Fig. 5 shows the architecture of a control model according to an embodiment.

Fig. 6 shows a robot control device for an articulated robot with a plurality of linked robot links according to an embodiment.

Detailed Description

Different implementations (in particular the embodiments described below) can be implemented by means of one or more circuits. In an implementation form, a "circuit" may be understood as any kind of logically implemented entity, which may be hardware, software, firmware or a combination thereof. Thus, in an implementation form, a "circuit" may be a hard-wired logic circuit or a programmable logic circuit, such as for example a programmable processor, for example a microprocessor. "circuitry" may also be software, implemented or executed by a processor, e.g. any kind of computer program. Any further type of embodiment of the respective function described in greater detail below can be understood as a "circuit" in accordance with alternative embodiments.

Fig. 1 shows a robotic device 100.

The robot device 100 comprises a robot 101, for example comprising an industrial robot in the form of a robot arm, for moving, mounting or processing a workpiece. The robot 101 has

robot links

102, 103, 104 and a base (or generally a cradle) 105, by which base 105 the

robot links

102, 103, 104 are carried. The term "robot linkage" relates to movable parts of the robot 101, the manipulation of which enables physical interaction with the environment, for example in order to perform a task. For the control, the robot 100 comprises a control device 106, the control device 106 being designed to interact with the environment in accordance with a control program. The last link 104 (seen from the base 105) of the

robot links

102, 103, 104 is also referred to as an end effector 104 and may form a manipulator which contains one or more tools, such as a welding torch, a gripping device (gripper), a painting apparatus or the like.

The further robot links 102, 103 (closer to the base 105) may form a positioning device such that together with the end effector 104 a robot arm (or articulated rod) is provided having the end effector 104 at its end. The further robot links 102, 103 form an intermediate link (i.e. a link between the base 105 and the end effector 104) of the robot 101. The robotic arm is in this example a robotic arm that may perform similar functions as a human arm (possibly with a tool at its end).

The robot 101 may comprise

connection elements

107, 108, 109, which

connection elements

107, 108, 109 connect the

robot links

102, 103, 104 to each other and to the base 105. The

connecting elements

107, 108, 109 may have one or more joints, each of which may provide rotational and/or translational motion (i.e., offset) relative to each other for the associated robot links. The movements of the robot links 102, 103, 104 may be introduced by means of an actuator, which is controlled by the control device 106.

The term "execution element" may be understood as the following component: this component is adapted to influence the mechanism as a reaction to its being driven, and is also referred to as an actuator. The actuator element may convert an indication (so-called activation) output by the control device 106 into a mechanical movement. An actuator (e.g., an electromechanical transducer) may be provided to convert electrical energy into mechanical energy in response to manipulation (ansuering) of the actuator.

The term "control device" (also simply referred to as "controller") may be understood as any kind of logic implementing unit, which may for example comprise a circuit and/or a processor, which is capable of executing software, firmware or a combination thereof stored in a storage medium, and which processor may give instructions, e.g. in this example to an executing entity. The controller may be provided, for example, by program code (e.g., software) to control the operation of the system (in this example, the robot).

In this example, the control device 106 comprises one or more processors 110 and comprises a memory 111, said memory 111 storing code and data, said processor 110 controlling the robot 101 based on said code and data. According to various embodiments, the control device 106 controls the robot 101 on the basis of an ML (machine learning or english language) control model 112 stored in a memory 111.

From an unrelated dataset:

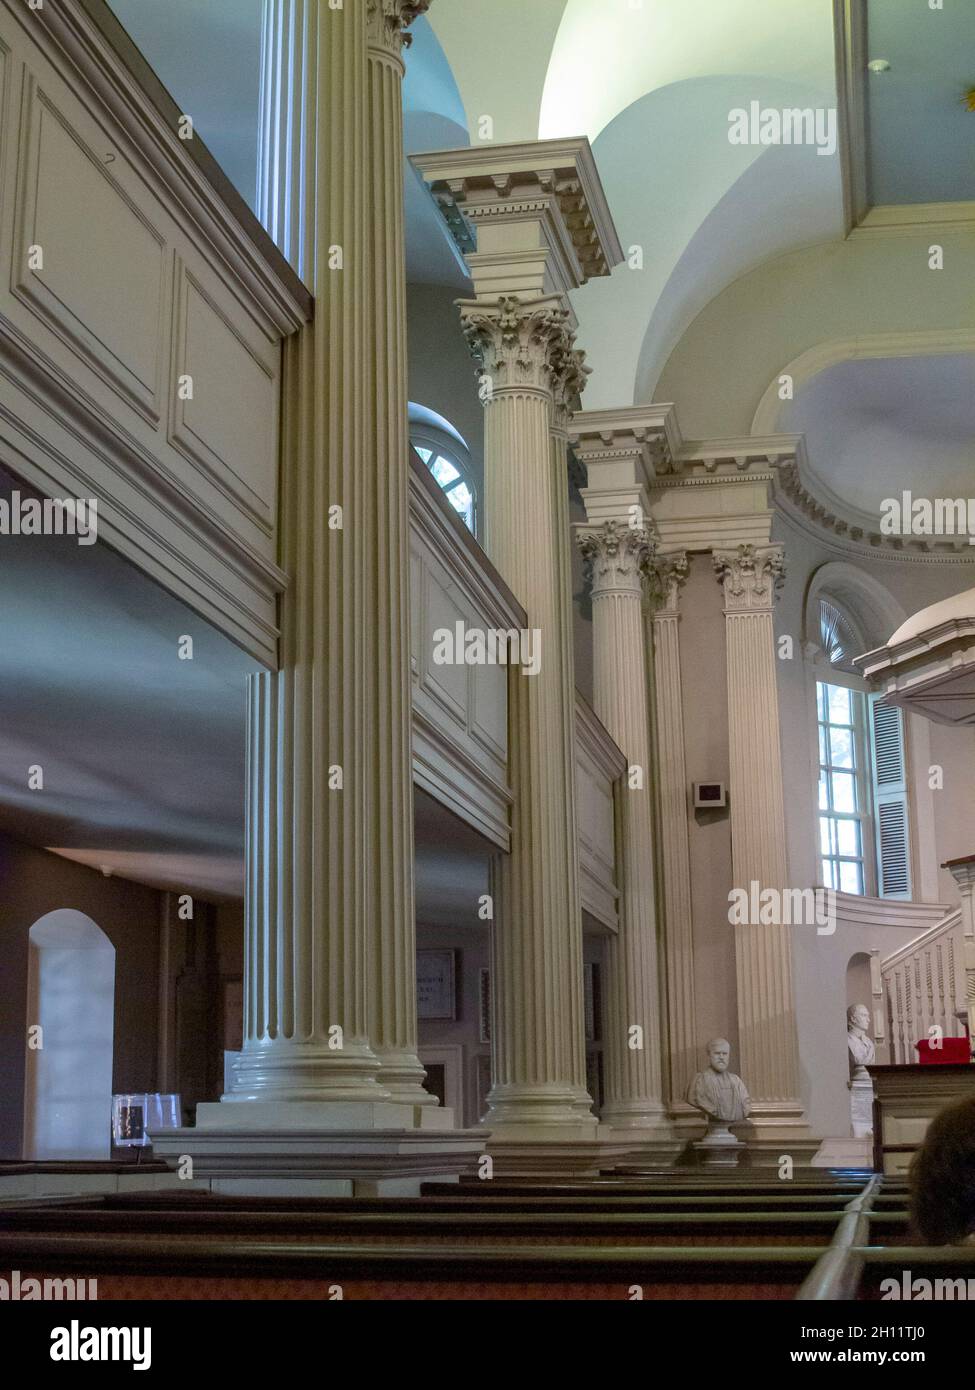 Dettagli architettonici all'interno della King's Chapel in Tremont Street a Boston, Massachusetts Foto Stock

For example, in the case of cartesian or spherical coordinates, the control device 106 can indicate the position of the robot links (or equivalently the setting of the respective joints or actuators (Stellung)). According to a different embodiment, instead of such a standard coordinate representation (for example in cartesian coordinates or in spherical coordinates) for the position of the robot link of the robot 101 (or equivalently the joint state), for example for the relative robot link position (i.e. for example the position of the robot link with respect to the previous robot link, i.e. the position of the robot link with respect to the robot link closer to the base 105) and also for the actual state of the robot to be set instantaneously, so-called Grid Coding (GC for english Grid Coding) is used. The position of the robot link or the joint state (or joint position) of the robot link (which determines the position of the robot link according to other robot links between the robot link and the base 105 as necessary) is summarized below under the term "position state" of the robot link.

The mesh coding is particularly advantageously combined with neural networks and allows accurate and efficient trajectory planning. According to a different embodiment, the trellis code is generated by a Neural Network (NN) and serves as an input to a second neural network controlling the robot, said input describing the instantaneous spatial robot state (i.e. the position state of the robot links).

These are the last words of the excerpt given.